● Your instructions: For this exercise, restate word for word only the lines from the one containing "Clearwater Benefit Concert" through the last line below. Pictures do not get copied.

● Dataset excerpt:
******
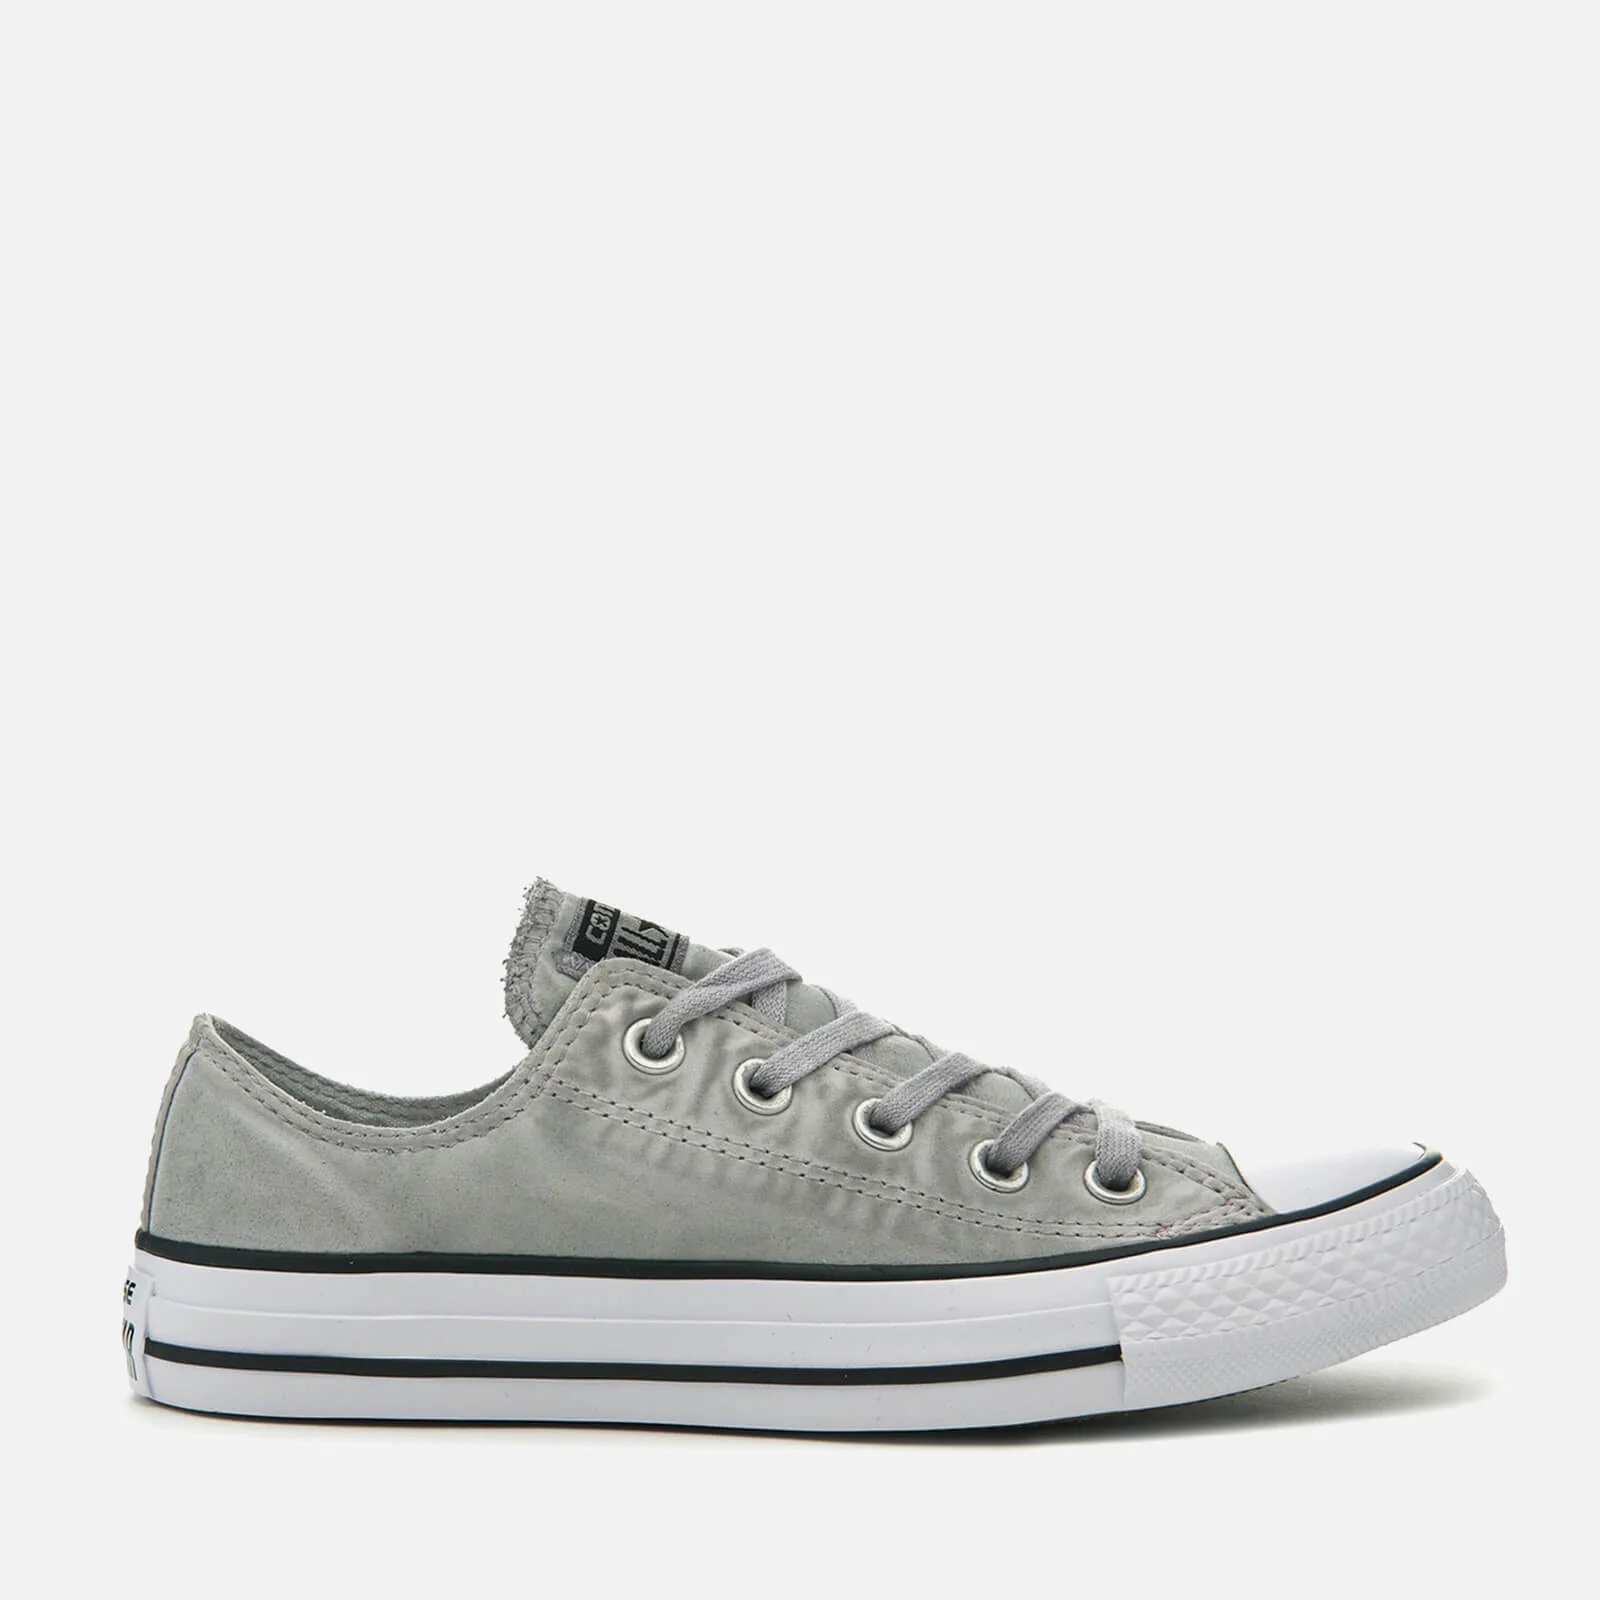 Converse Chuck Taylor All Star Ox Trainers - Dolphin/Black/White Image 1
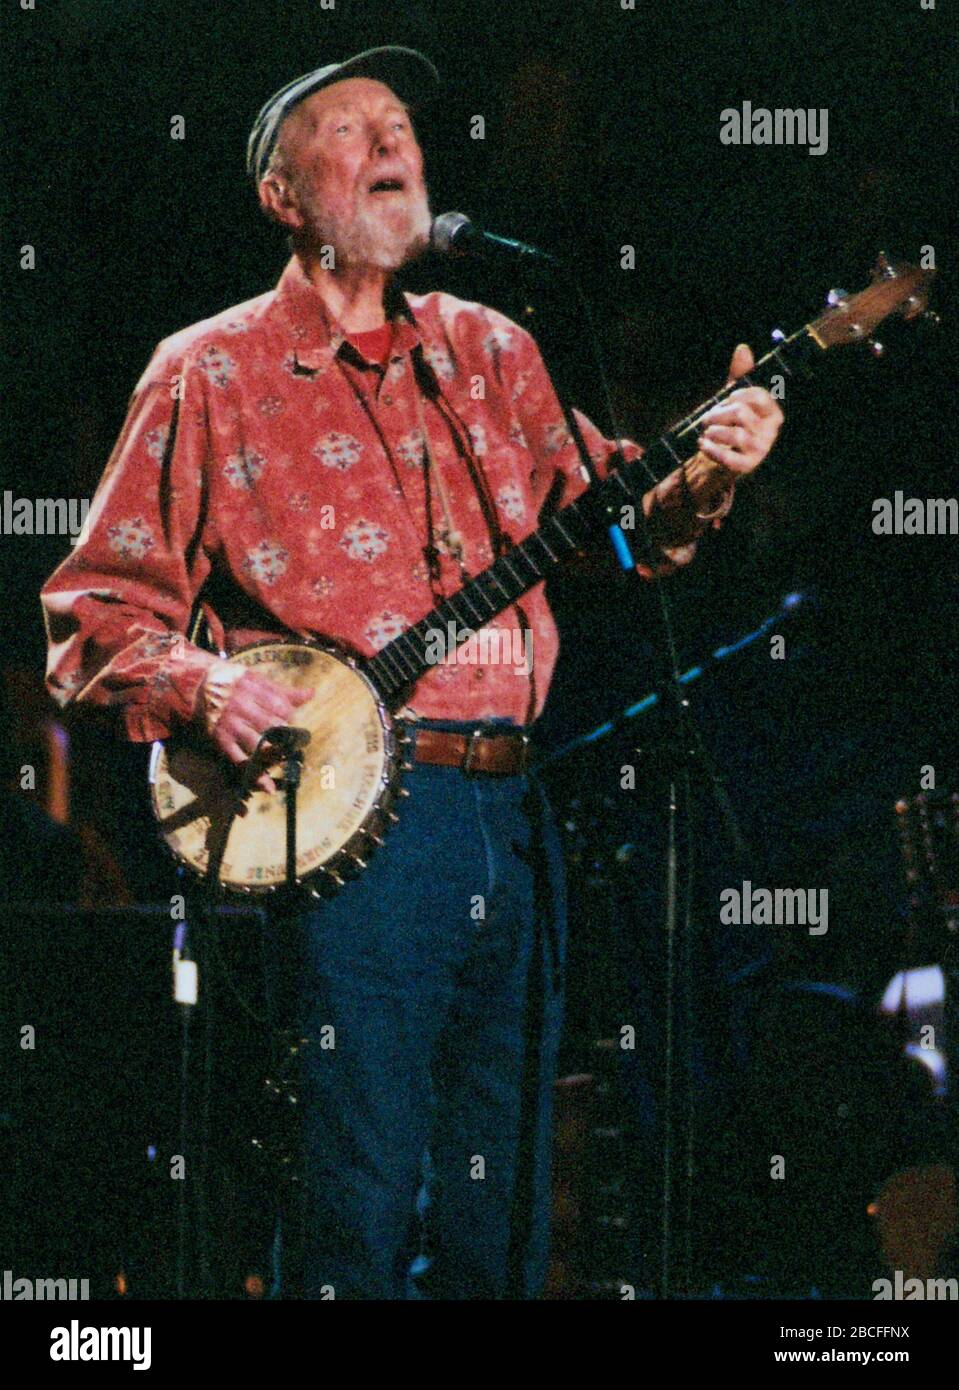 Clearwater Benefit Concert Celebrating Pete Seeger's 90th Birthday at Madison Square Garden , New York 05-03-2009 Photo by Michael Brito PETE SEEGER Stock Photo
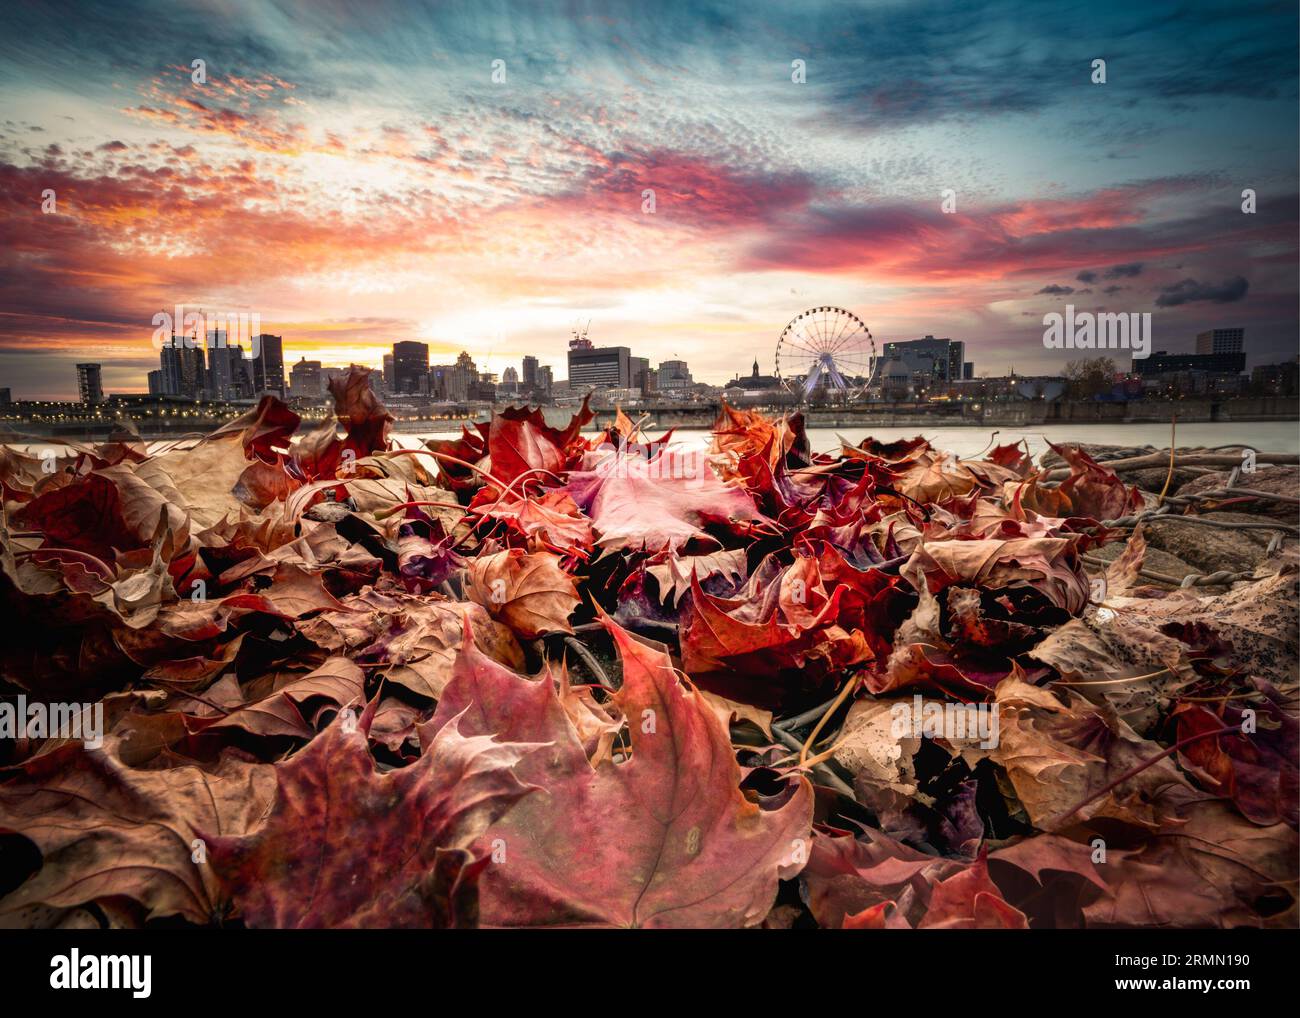 Colorful fallen autumn leaves with the city of Montreal Canada skyline seen in the background Stock Photo
******
● Solution:
 Clearwater Benefit Concert Celebrating Pete Seeger's 90th Birthday at Madison Square Garden , New York 05-03-2009 Photo by Michael Brito PETE SEEGER Stock Photo
 Colorful fallen autumn leaves with the city of Montreal Canada skyline seen in the background Stock Photo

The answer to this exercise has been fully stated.